The Deeper Meaning of Corpse Pose
Corpse Pose might sound a bit morbid to some people, but the symbolism can be beautiful. In the Western world, death is the final outcome. However, in philosophies closely related to yoga, such as Hinduism and Buddhism, death refers to rebirth and new beginnings.
The symbolism of Savasana or Corpse Pose can also signify:
- Closure, marking the end of your physical and mental efforts
- Surrender to the present moment
- A temporary state before rejuvenation
- Separation from ego and physical attachments
Understanding Savasana’s Purpose
Depending on the style of yoga, the teacher, or individual students, Savasana can serve different purposes within a yoga practice.

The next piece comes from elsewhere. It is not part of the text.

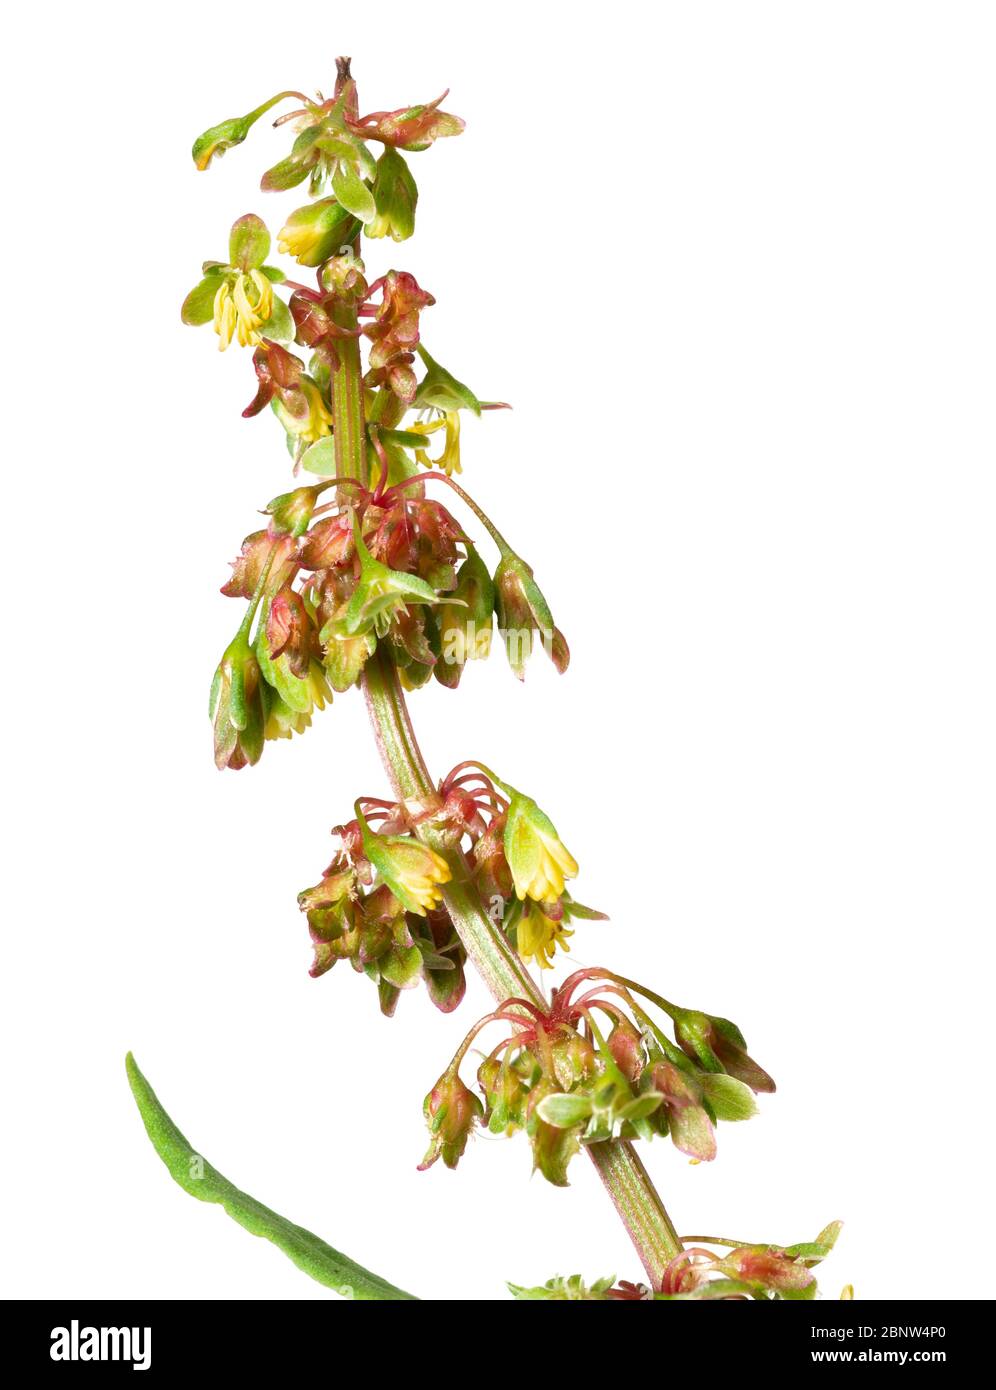 Close up of single flower spike of clustered dock, Rumex conglomeratus, on a white background Stock Photo
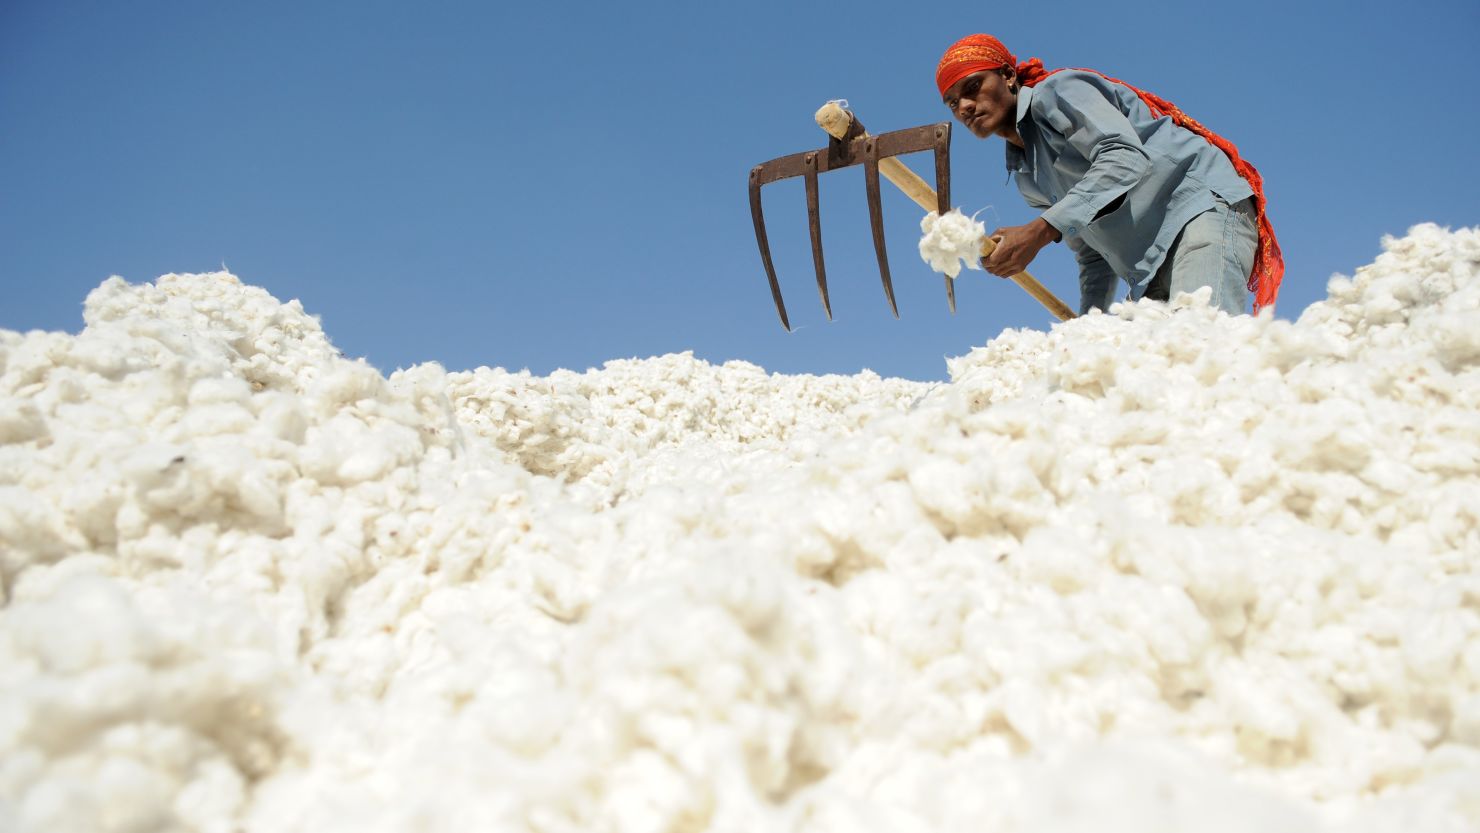 An Indian worker sorting cotton at Patel Cotton Industries, Ginners and Exporters, in Dhrangadhra, India on December 16, 2011

According to history and tradition, Savasana was an essential part of every asana practice:
- The 15th-century yoga text, the Hatha Yoga Pradipika, explains that Savasana is necessary at the end of a yoga session as it “removes tiredness and enables the mind and whole body to relax.”
- The Gheranda Samhita, a 17th-century text, defines Savasana as one of the 32 most essential postures, relieving fatigue and bringing relief to the mind.
- In his 1934 text, Yoga Makaranda, renowned teacher T. Krishnamacharya instructs practitioners to rest in Savasana for at least 15 minutes or until their sweat subsides to prevent disease.
In modern yoga practice, we tend to use Savasana more practically for:
- Meditation: Some yoga teachers provide guided meditations at the end of their classes while students relax in Savasana. Alternatively, others offer a few minutes of quiet time, allowing students to have their own meditative experiences.
- Rest & relaxation: Savasana allows our bodies to rest and recover rather than jumping into our next activity immediately after a particularly intense physical workout or deep stretch.
- Transition: The quiet time in Savasana at the end of a yoga practice provides an easy transition back into “real life,” in which we can mentally prepare to shift focus from our yoga mats to the next part of our busy day.
Reasons Students May Skip Savasana
Despite its historical importance and functional uses, there are many reasons why students might feel resistant to Savasana or inclined to skip it altogether. Here are some of the most common justifications I’ve encountered:
- Time constraints: Some life circumstances are unavoidable – you might have to pick your kids up from school or make it to work or an appointment on time. Although unfortunate, it’s better to duck out of class early rather than skip yoga entirely!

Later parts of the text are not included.